Created by A F M Mahfuzul Kabir
mahfuzulkabir.com
https://www.linkedin.com/in/mahfuzulkabir

Installation

Install the 'csebuetnlp normalizer' first with:

pip install git+https://github.com/csebuetnlp/normalizer

install the package with

pip install banglanlptoolkit

Introduction

This package contains several toolkits for Bangla NLP text processing and augmentation. The available tools are listed below.

  • Bangla Text Normalizer
  • Bangla Punctuation Generator
  • Bangla Text Augmentation

Documentations:

Thank you very much for using my package.

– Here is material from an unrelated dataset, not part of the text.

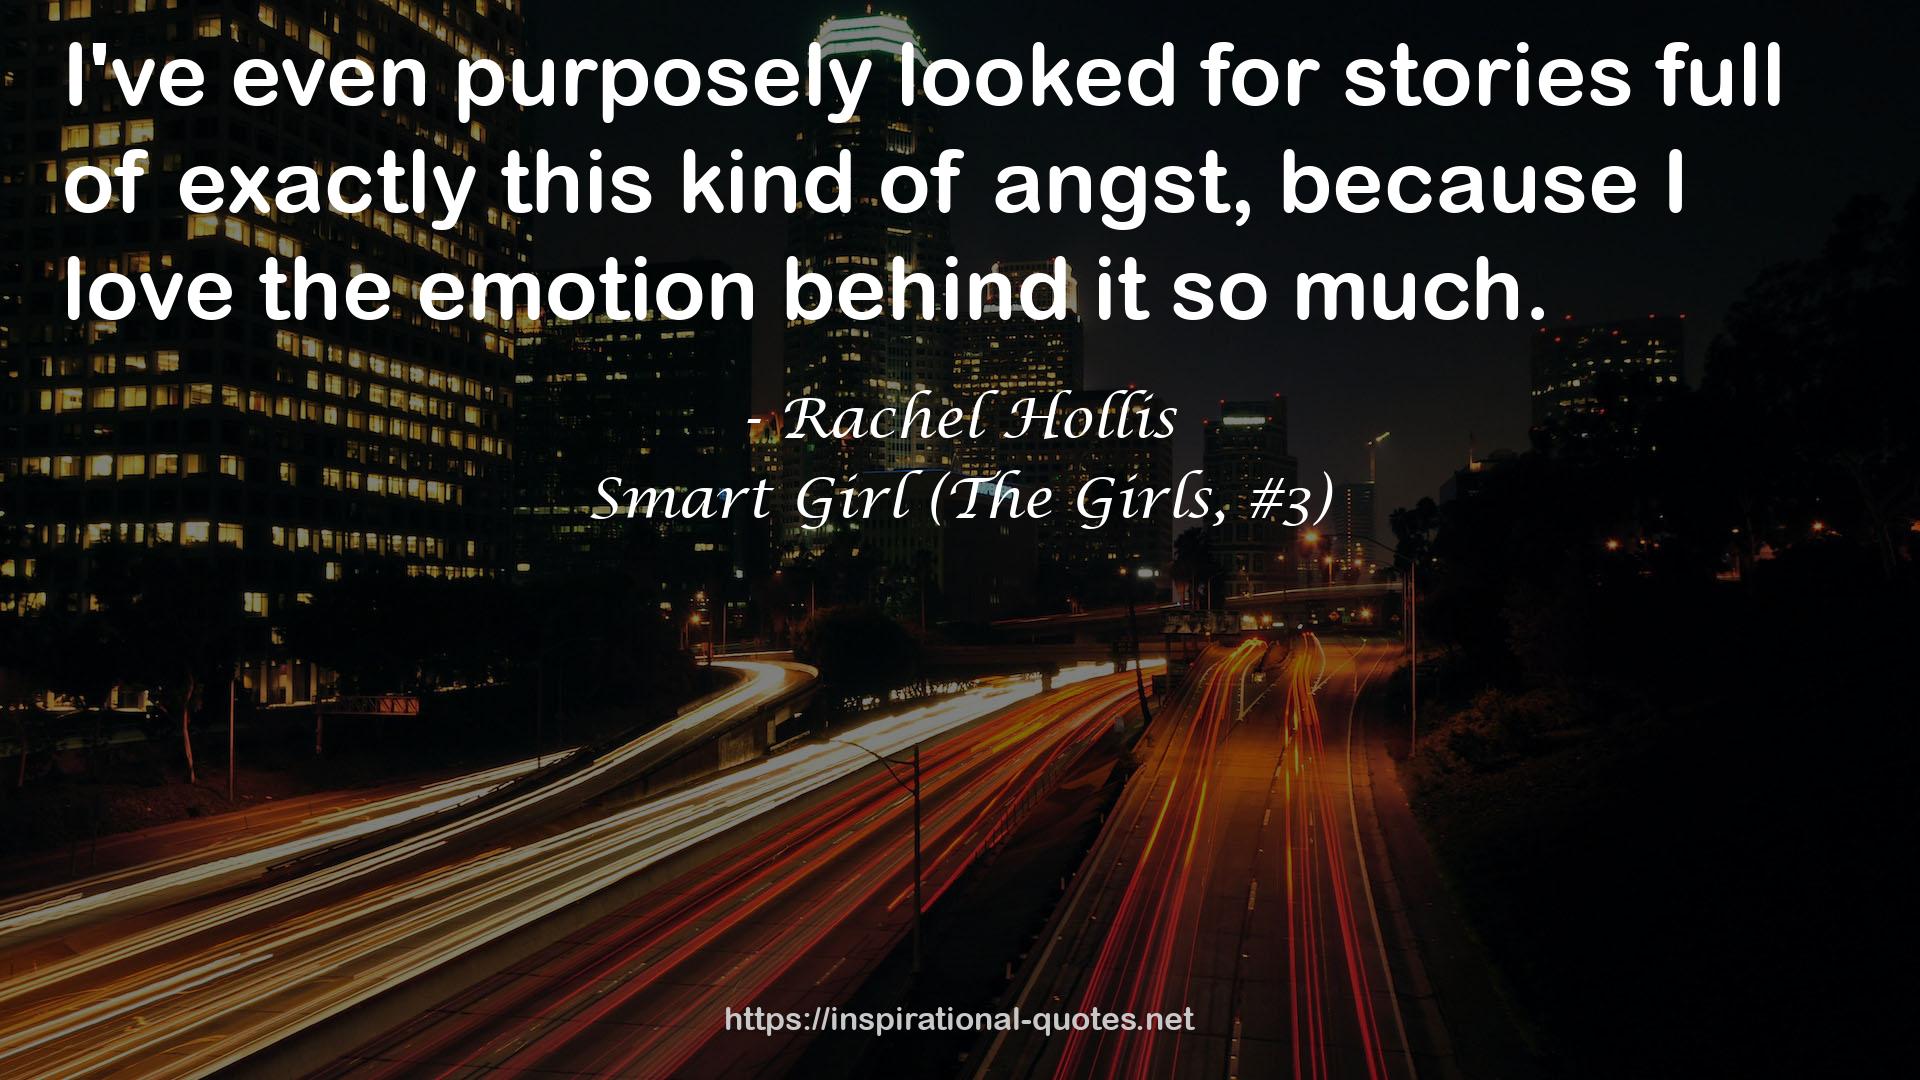 Smart Girl (The Girls, #3) QUOTES

I handle this package all on my own, so if there's any issue with it, I might not always be available to fix it. But if you do encounter such event, feel free to let me know and I'll fix them as soon as I can.

Bangla Text Normalizer

Bangla text normalization is a known problem in language processing for normalizing Bangla text data in computer readable format. The unicode normalization normalizes all characters of a text string in the same unicode format and removes unwanted characters present. The csebuetnlp normalizer is used for models such as BanglaBERT, BanglaT5 etc.

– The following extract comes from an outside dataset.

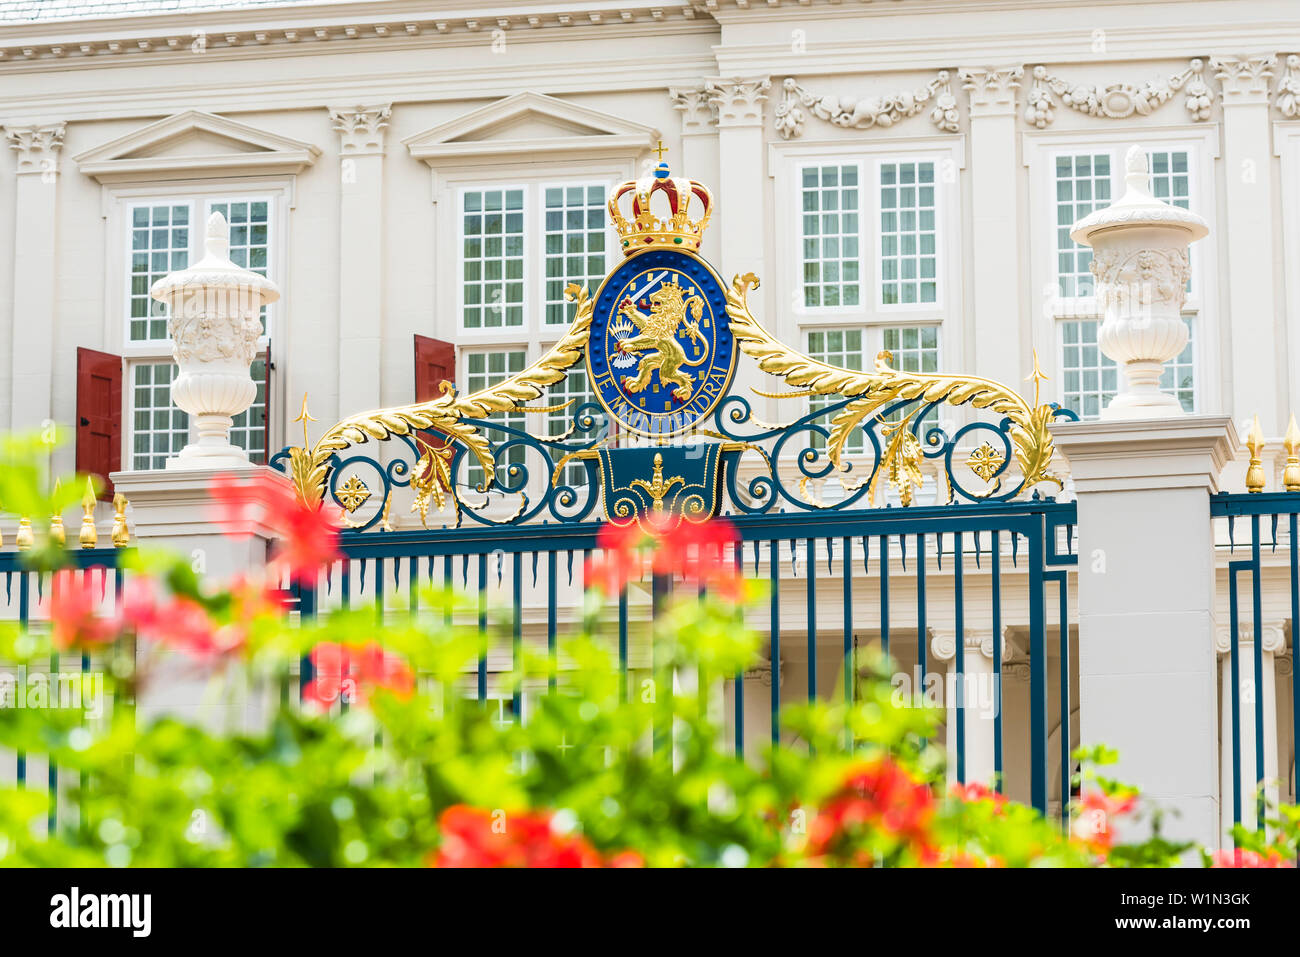 The coat of arms at the entrance to the king's palace Noordeinde of the Dutch royal family in the city centre, The Hague, Netherlands Stock Photo

The package uses two normalization toolkits for Bangla text processing. The unicode normalizer is used from here. The other normalizer is specifically used for BanglaT5 translation module and taken from here.

Bangla Punctuation Generator

The scarcity of good punctuation generator model for Bangla language was very dominant even a few months ago. However, with development of Bangla AI models, we now have very good punctuation generation models for our language as well.

The package uses an open-source punctuation generation model from this Kaggle dataset. I currently have this model in my huggingface for ease of use without any token. You can replace with any model of your like if you want.

Bangla Text Augmentation

The package uses three kind of text augmentation techniques.

  • Bangla Token Replacement
  • Back Translation
  • Bangla Paraphrasing

The token replacement method uses fill-mask method to replace random tokens from a sentence and then replace them. The package uses BanglishBERT Generator model by CSEBUETNLP for this task. The model can be found in here.

The back translation method translates the sentences from Bangla to English and then to Bangla again. The package uses bn-en and en-bn models of BanglaT5 by CSEBUETNLP for this task. The models can be found here: bn2en, en2bn.

The paraphrasing toolkit uses Bangla paraphrase model of BanglaT5 by CSEBUETNLP. The model can be found in here.

The package supports both online and offline augmentations. Offline augmentation can be used to generate new dataframe of augmented texts from original dataframe. This can be saved in a variable or to a file for later use. While offline augmentation can be faster for utilizing processing power (GPU parallelism), it can get a bit annoying because of saving the augmented data every once in a while. People also love to use online augmentation, meaning, augmenting the data 'on the fly' in predefined custom dataset class. This improves performance by augmentation of sentences during training or inference, with no hassle of saving the data separately.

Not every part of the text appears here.